### INPUT FOR THIS TASK
'''

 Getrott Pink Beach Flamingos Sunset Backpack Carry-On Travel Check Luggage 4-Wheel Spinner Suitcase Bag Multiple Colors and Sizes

'''
'''

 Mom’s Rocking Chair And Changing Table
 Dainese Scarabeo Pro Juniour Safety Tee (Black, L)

'''
'''

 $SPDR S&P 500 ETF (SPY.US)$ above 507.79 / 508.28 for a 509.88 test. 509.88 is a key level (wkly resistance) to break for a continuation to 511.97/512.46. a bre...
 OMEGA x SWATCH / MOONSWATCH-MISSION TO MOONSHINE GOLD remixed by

'''

### THE TASK
Beginning with the line that has "Mom’s Rocking Chair And Changing Table" and ending with the line that has "Dainese Scarabeo Pro", set down the lines above exactly and include no others.

### SOLUTION TO THIS TASK
 Mom’s Rocking Chair And Changing Table
 Dainese Scarabeo Pro Juniour Safety Tee (Black, L)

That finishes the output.